The 1951 Festival of Britain on the South Bank gave architects and engineers their first opportunity after the Second World War to exploit recent advances in construction technology. Hobbs was responsible for several structures, including a pre-stressed concrete diagrid roof - the first of its kind. He then led the team which designed the structure for the new Bank of England printing works at Debden, near Loughton, Essex, one of the first UK building projects to use large post-tensioned, pre-cast concrete elements.
After post-war refurbishment to the 1930s Lubetkin/Arup Highpoint flats, Bob Hobbs proceeded to engineer some factory additions for Highpoint's owners, the Gestetner family; both assignments stimulated his interest in the total building process. The firm was gaining some prime consultancy commissions, and, after Philip Dowson joined and began to attract architectural commissions in his own right, the principle of a total in-house building consultancy emerged. This embryonic "Building Group" became Arup Associates in 1963.
Of the broadly based Arup Associates leadership, Dowson provided architectural intellect and direction whilst Hobbs not only was the exceptionally gifted engineer, but guided and stimulated team spirit in the new practice. Together with Derek Sugden and Peter Foggo, they established Arup Associates as the leading exponent of multidisciplinary building design, building up an enviable reputation for architectural excellence, innovation, functional fitness and financial diligence.
Projects which Hobbs personally directed, or indirectly influenced, included buildings at Birmingham, Cambridge, Loughborough and Oxford universities, factories for Penguin Books and John Player & Son, headquarters buildings for the Central Electricity Generating Board at Bedminster Down in Bristol, and Lloyd's of London at Chatham, Kent, and much of Broadgate in the City of London.
In 1961 Hobbs had been appointed Senior Partner in Ove Arup & Partners - the then parent firm - and his subsequent contribution was massive. It was his (and his fellow senior partner Peter Dunican's) untiring efforts that chiefly led to the present charitable and employee trust ownership structure. When the firm was incorporated in 1977 he became a director of the renamed Ove Arup Partnership; both before and after, he was responsible for its finances.

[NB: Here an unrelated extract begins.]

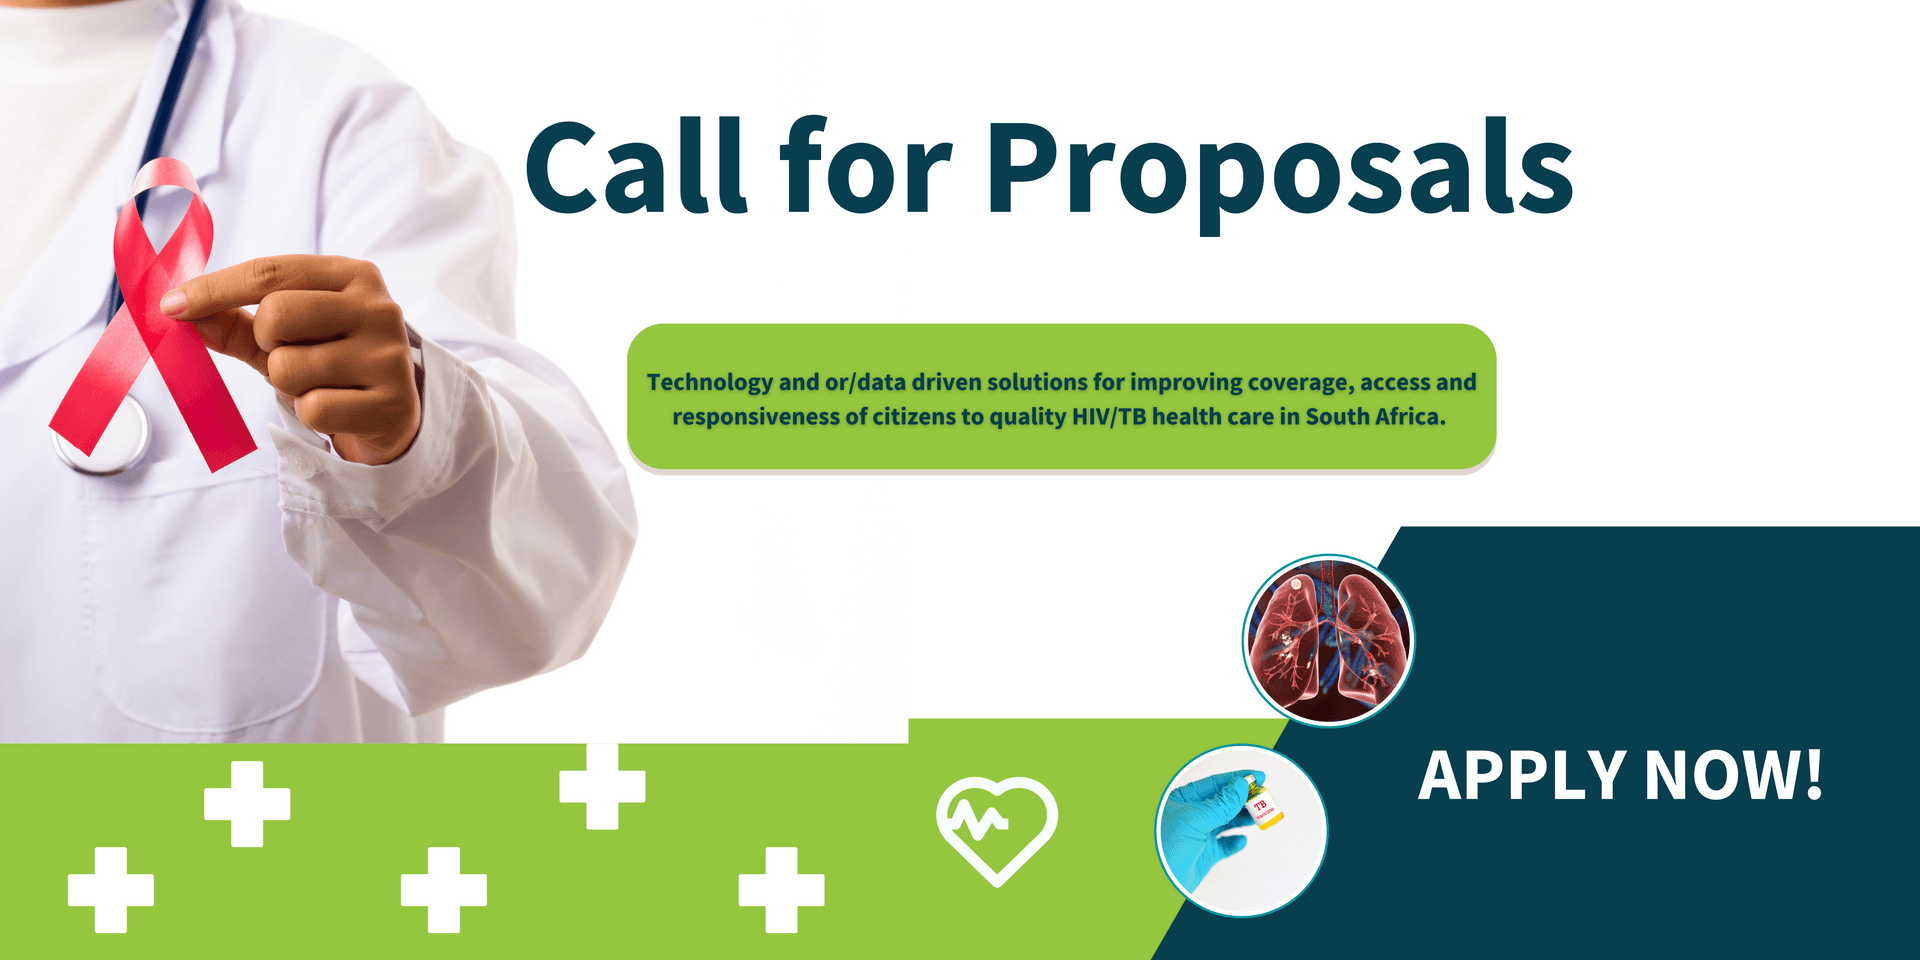 Call for proposals from startup phase enterprises to develop digital health solutions

Outside Arup, Hobbs contributed to the work of several engineering bodies. The construction industry owes him a huge debt for his deep involvement in promoting "management contracting", which introduced teamwork and trust to an arena beset with disputes and confrontation culture. In 1990, he was elected a Fellow of the Royal Academy of Engineering and appointed an Honorary Fellow of the RIBA.
A great engineer and blessed with one of the sharpest minds of his generation, Bob Hobbs also had exceptional honesty and integrity. Kind, helpful and ever good-natured, he had time for everyone with or without a problem, but any pomposity, potential or actual, was pricked by his infectious guffaw.